I have found this to be true in France, Spain, Portugal, Italy, Germany, Switzerland in my experience.
James Swann, Ditton Wine Traders
January 11 10:14
In so many ways it is at the moment of drinking a wine that its score is at its least reliable. A grower from Priorat, a region only lately moving towards elegance, once told me that a good wine – ‘un bon vi’ – is one that can be finished over a meal between two people.
The wine world is beginning to respond to its experience that many wines that are spectacular to taste are not necessarily so to drink. How many ‘investment grade wines’ (that show so well two years prior bottling!) could be said to fulfill this?
Not that this is an argument against use of wine for investment; Swiss banks have done so for a long time prior to the advent of wine-searcher or Liv-ex. Moreover, perhaps it could be argued that there is no more ‘ethical’ an investment than the product of a winegrower.
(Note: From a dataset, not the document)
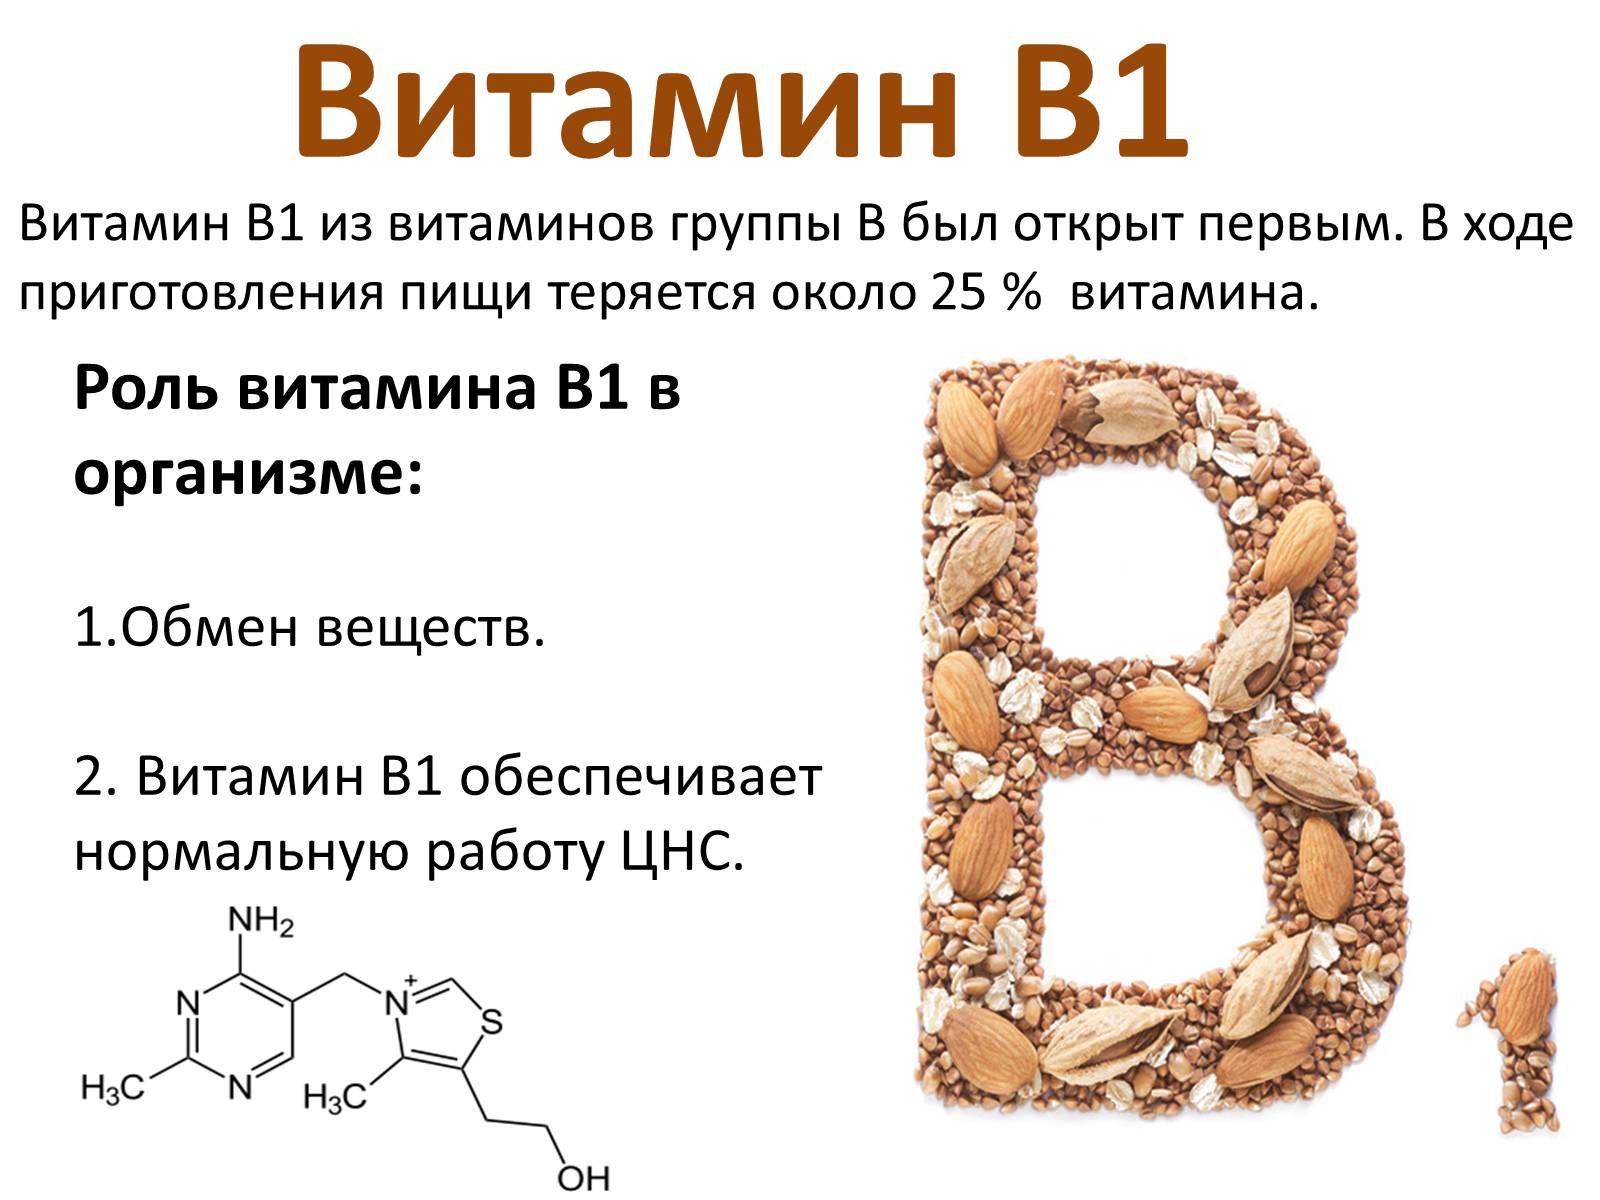 Витамин b1 (тиамин): характеристика, полезные свойства и применение в медицине

However, if our interest is in wine as an aesthetic and social object and repository of meaning, in that it can transmit place, history and human intervention, then there must surely be no better measure than that observed by the Priorat grower above.
Hunter
January 11 00:51
Fashionable as may be today to make a religion of gluttony (when ascribing notions of merit), the foundations on which any culture has made an historical priority the production of quality wine has been (oh so unfashionably ) its appetite for religion.
After that perhaps comes an appetite for liberty and free trade...
The wines of the Medoc, and Burgundy flourished thanks to those clients who (according to this piece) were part of a "ghastly legacy of British culinary insouciance".
Indeed, they (the ghastly ones) courteously blended, bottled, sold, consumed, promoted, and wrote about such wines for most of their history. How kind...
It would seem, in part, such advancements in wine depended on such, “ghastly legacies”.
By the same reasoning, one might deduce (if oblivious that France was McDonalds largest market, and of other greater and deeper horrors ) that the solvency and success of such European states rested conditional on their degree of fast food consumption.
Perhaps the only fair take on Andrew Jefford’s reasoned argument above is: the production of quality fine wine (red?) in any nation rests on its consumption of beef.
A toast to the ghastly ones perhaps; those historic encouragers and purchasers of the great wines of Germany, Portugal, France, and more recently the rest of the world. May they continue to be ghastly, vibrant, curious, free, and solvent.